Pf
Tuesday 16 March 2021
Recipee for the PF MN CSCS calculations
First it appears that conda is not present
This https://askubuntu.com/a/1062621 solved the problem export PATH=~/anaconda3/bin:$PATH
Need to reinstall the latest qiime version sudo wget https://data.qiime2.org/distro/core/qiime2-2021.2-py36-linux-conda.yml
source activate qiime2-2021.2
wget / curl not working (proxy reason most likely on x2go)
We use the peak_list_formatter_cscs.py to get GNPS job and propelry format the quantification tables
biom convert -i for_biom.tsv -o for_biom.biom --table-type="OTU table" --to-hdf5
Then convert the .biom feature table to a .qza feature table :
qiime tools import --type 'FeatureTable[Frequency]' --input-path for_biom.biom --output-path feature_table.qza
To compute the chemical structural and compositional dissimilarity metric for all pairs of samples in your feature table type:
nohup time qiime cscs cscs --p-css-edges networkedges_selfloop --i-features quantification_table --p-cosine-threshold 0.7 --p-normalization --p-cpus 40 --o-distance-matrix cscs_distance_matrix.qza
'time qiime cscs cscs --p-css-edges networkedges_selfloop/31a1340378cd46d7b9f5ebf8afbb2565..selfloop --i-features feature_table.qza --p-cosine-threshold 0.7 --p-normalization --p-cpus 40 --o-distance-matrix cscs_distance_matrix.qza'
'nohup bash -c 'time qiime cscs cscs --p-css-edges networkedges_selfloop/31a1340378cd46d7b9f5ebf8afbb2565..selfloop --i-features feature_table.qza --p-cosine-threshold 0.7 --p-normalization --p-cpus 40 --o-distance-matrix cscs_distance_matrix.qza''
'nohup bash -c 'time qiime cscs cscs --p-css-edges networkedges_selfloop/31a1340378cd46d7b9f5ebf8afbb2565..selfloop --i-features feature_table.qza --p-cosine-threshold 0.7 --p-normalization --p-no-weighted --p-cpus 40 --o-distance-matrix cscs_distance_matrix_unweighed.qza''
nohup bash -c 'time qiime cscs cscs --p-css-edges networkedges_selfloop/3466497461974198a9ab8c9463d05b53..selfloop --i-features feature_table.qza --p-cosine-threshold 0.7 --p-normalization --p-no-weighted --p-cpus 40 --o-distance-matrix cscs_distance_matrix_unweighed.qza'
nohup bash -c 'time qiime cscs cscs --p-css-edges networkedges_selfloop/3466497461974198a9ab8c9463d05b53..selfloop --i-features feature_table.qza --p-cosine-threshold 0.7 --p-normalization --p-cpus 40 --o-distance-matrix cscs_distance_matrix.qza'
Visualize the chemical structural and compositional dissimilarity in interactive PCoA space To create PCos from the chemical structural and compositional dissimilarity matrix type:
qiime diversity pcoa --i-distance-matrix cscs_distance_matrix.qza --o-pcoa cscs_PCoA.qza
To create an interactive ordination plot of the above created PCoA with integrated sample metadata, prepare a metadata file.
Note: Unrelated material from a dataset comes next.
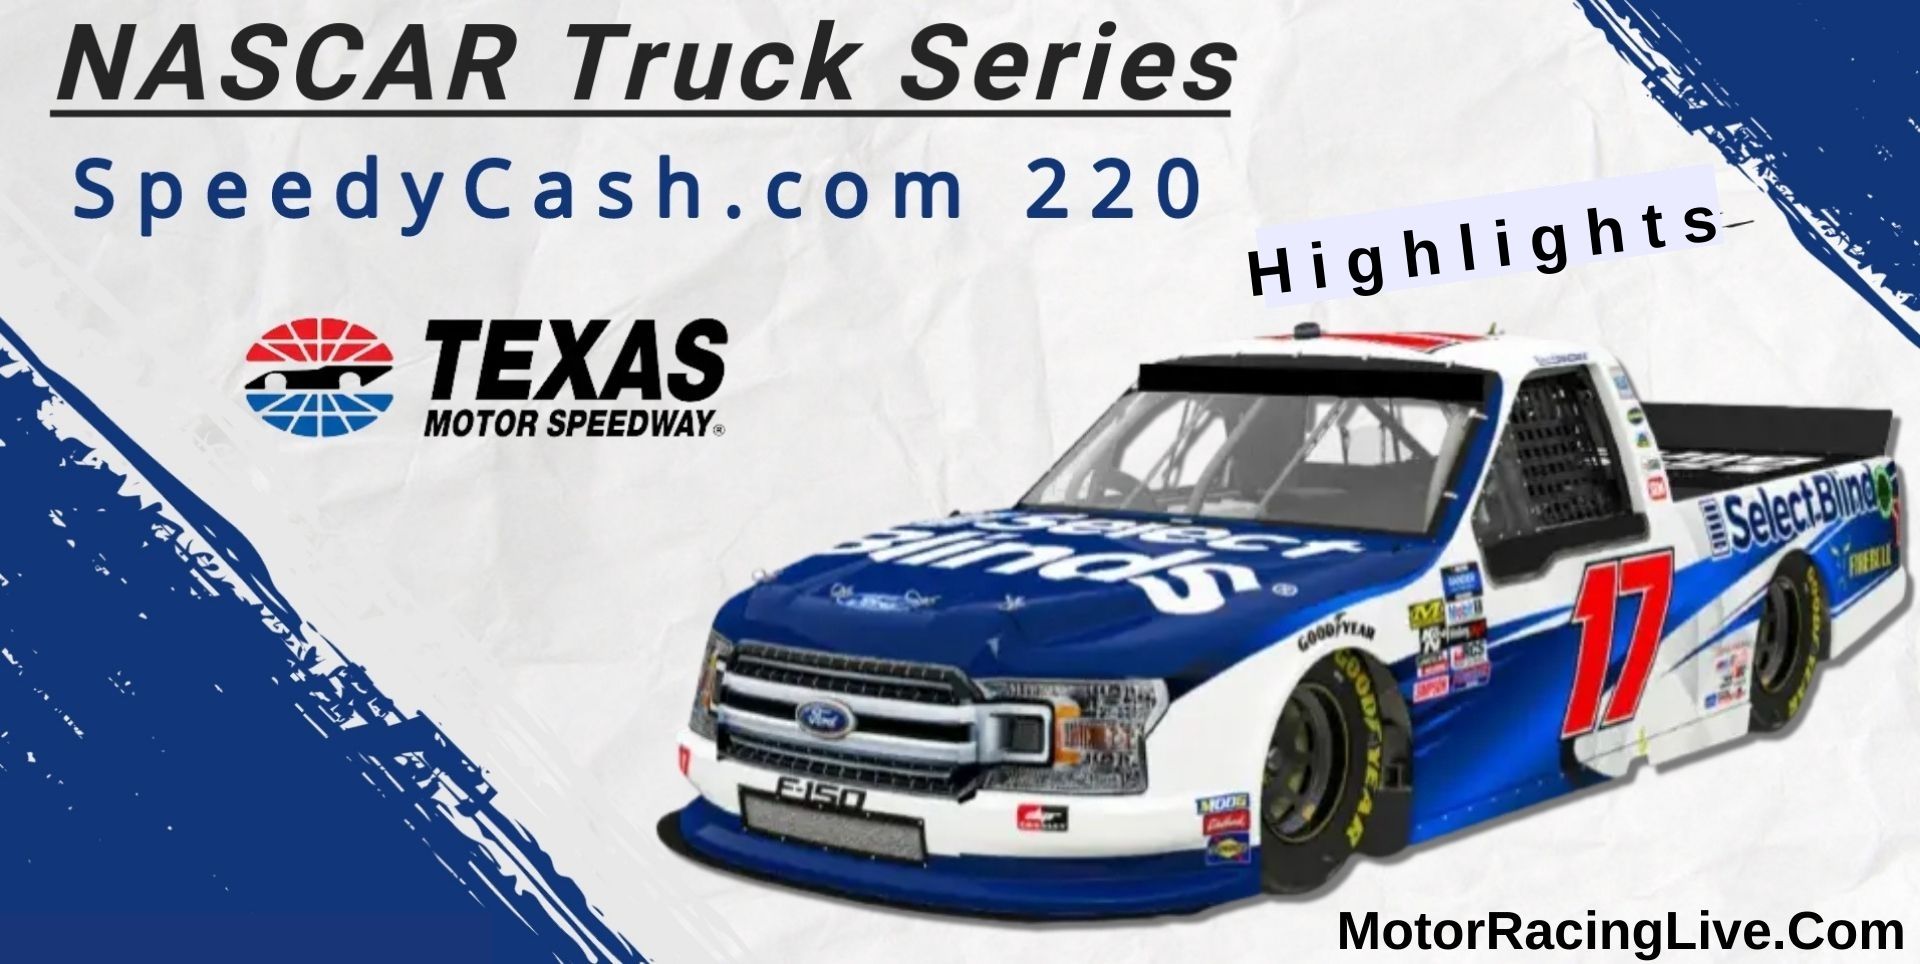 SpeedyCash Com 220 Highlights 2022 NASCAR Truck

You can find a metadata file for this example dataset within the Example folder. Make sure that the Sample IDs provided in the metadata file correspond to the Sample IDs in your distance_matrix.qza file. Then type:
Uploading previously generated metadata rsync -rvz -e 'ssh' --progress ./PF_metadata_qiime.tsv allardp@x2go.epgl-geneve.org:
qiime emperor plot --i-pcoa cscs_PCoA.qza --m-metadata-file PF_metadata_qiime.tsv --o-visualization cscs_PCoA.qzv
To visualize the interactive PCoA type:
qiime tools view cscs_PCoA.qzv
--p-normalization / --p-no-normalization Perform Total Ion Current Normalization (TIC) on the feature table [default: True] --p-weighted / --p-no-weighted Weight CSCS by feature intensity [default: True]
Qemistree dataset
https://gnps.ucsd.edu/ProteoSAFe/status.jsp?task=044e981ff0d84246ae5c91ef3db643a8
Update
Monday 29 November 2021
Reiterating qiime-cscs calculations for the MEMO paper. Installing qiime on the beast cluster
When trying to install using the latest qiime version (qiime2-2021.11) the qiime2-cscs plugin (https://github.com/madeleineernst/q2-cscs) doesn't appears I thus switch back to qiime2-2021.2
I used this script to fetch and format data from switch https://github.com/mandelbrot-project/qiime-empress-formatter/blob/main/src/python/peak_list_formatter_cscs_memo.py
From now restarting with the recipee above (will modify or update when needed)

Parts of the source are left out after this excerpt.